There are times… When I hate exploring. The world, the world wide web, people, myself… It seems to bring out a lot of bad stuff. I explore the world, I see evil, I see difficulties, I see sinister propaganda, I see so many global problems that won’t be solved any time soon. I explore the world wide web, I see dirt, ’nuff said. I explore people, I see depression, confusion, hatred, uncertainty. I see almost everyone lost, unhappy… And then I explore myself. I see the same.

It’s said that that’s what growing up is. My brother always tells me, you’ve seen nothing yet. You don’t know the world. Well guess what, bro? I seriously don’t think I want to know anymore than I already know. And I know much more than you think I do. I’m not that naive. I want to believe there’s a better part of the world. It’s strange that the bad covers the good so heavily everywhere. I’ve done my digging. I know and I see the good. I’m the kind of person that looks for good in everything and everyone. Yes, it can be disappointing at times, but I think it’s better. Better than what everyone else who sees one side must go through.

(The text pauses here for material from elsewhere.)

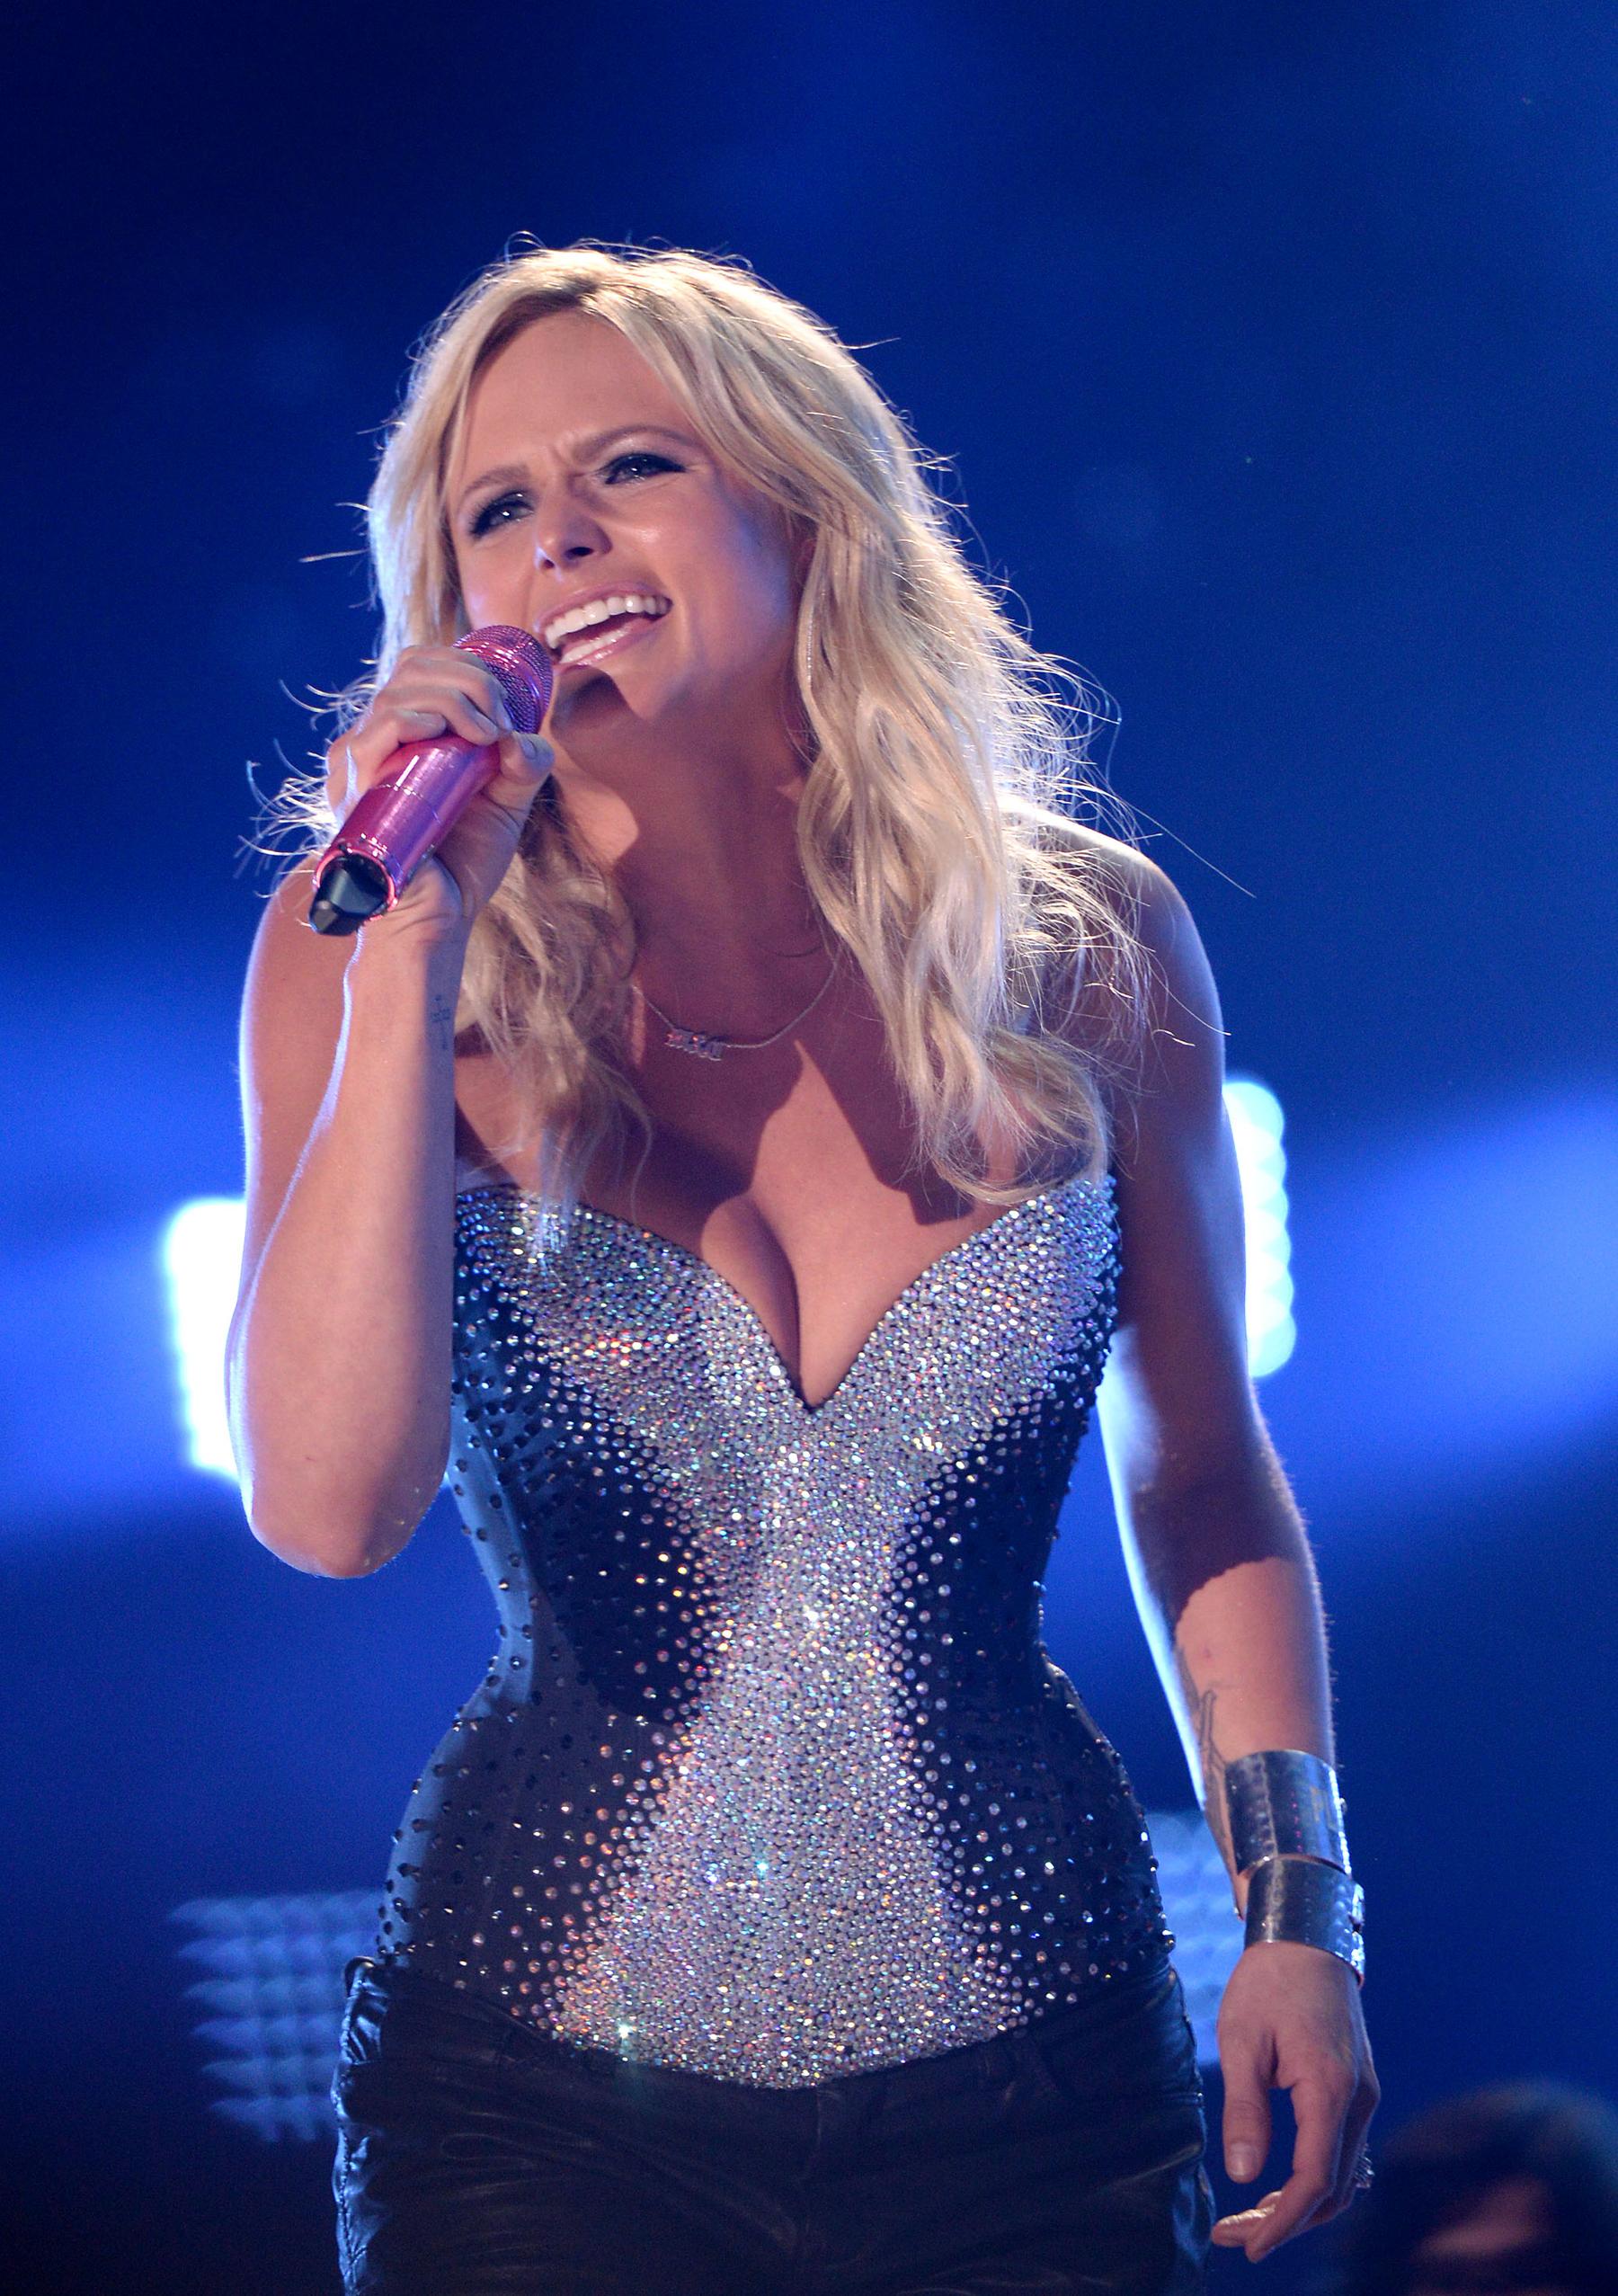 Miranda Lambert's 'Automatic' Number One

If I put my clear and positive glasses on, and then see the world, I see beauty, I see passion, I see the wind. I see exquisite distinction in everything; every leaf, every twig, every surface, every creature. The view then, is breathtaking. If I then explore the web, I see benefit. And if I explore the people, I see love, I see warm and beautiful emotions, I see the reasons behind everything, I see care, and need. And then I delve into myself. I see wonder, I see excitement and talent, and I find myself yearning to do everything that I can for the world and its people and then my mind goes into hyperactivity. 

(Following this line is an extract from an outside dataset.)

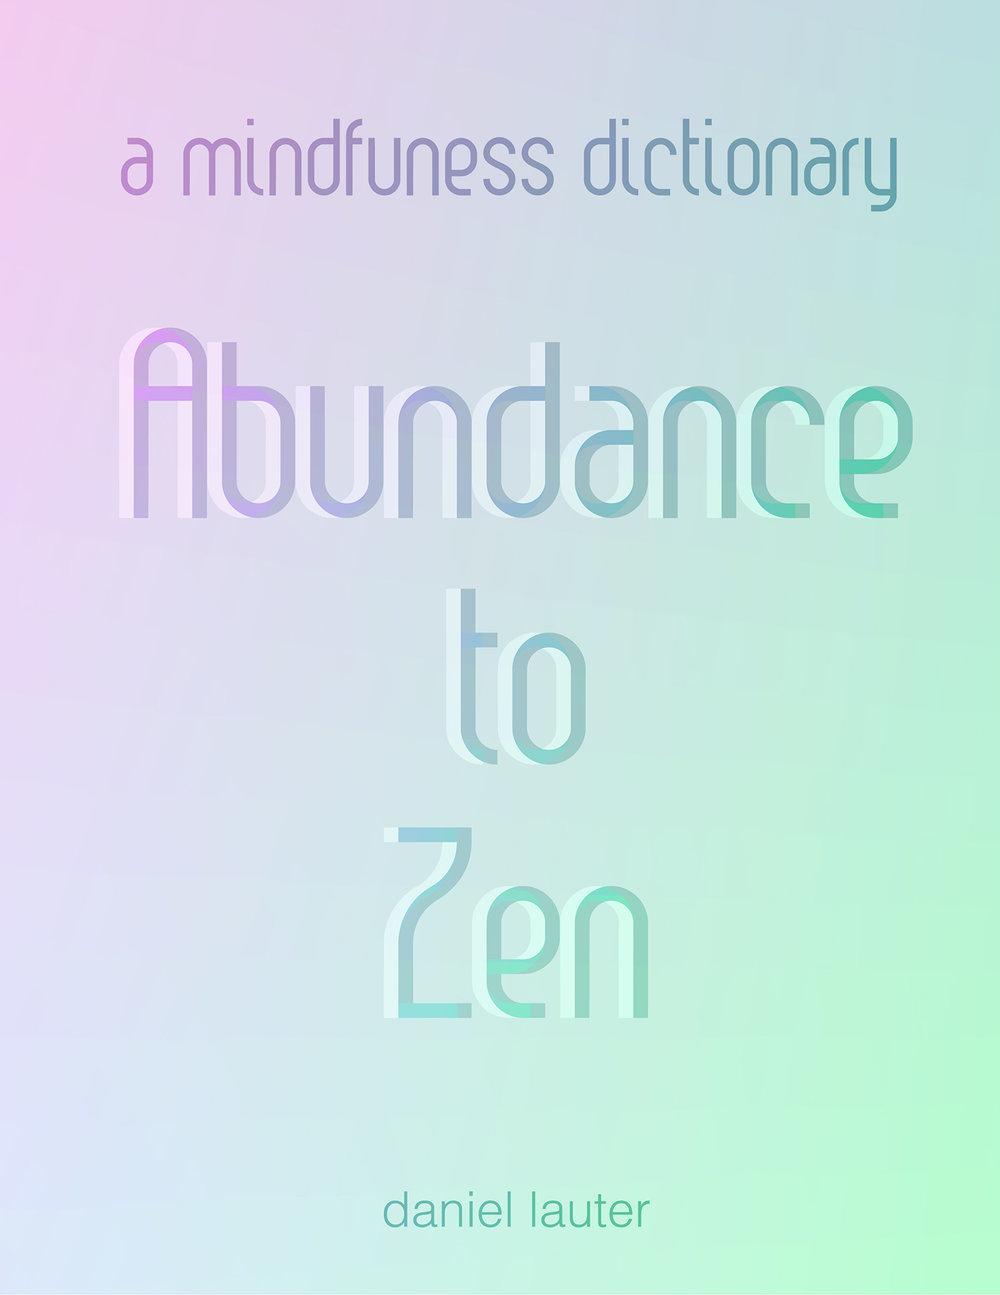 A Mindfulness Dictionary

I try not to get discouraged from exploring. It can be a delightful thing. So I’ll keep on exploring the world, its people, myself, because that’s how I can understand everything. Why the world works the way it does, why people are the way they are, and finally… Why I am what I am? I know the answers to almost all these questions. But I want to discover them again, all by myself. I’ll go on looking for all the different shades of the colours of the world. I’ll look into everything the world has to offer. And hopefully, I’ll be able to make my dent here. A beautiful dent. Hopefully, after taking everything, I’ll be able to give my everything too… To the better of this world.

In the end, I reach the conclusion that perhaps… It all depends upon the person. It’s true that we usually see what we look for, or what we want to. I’ll say the cliché thing here: Be the change that you want to see. Peace.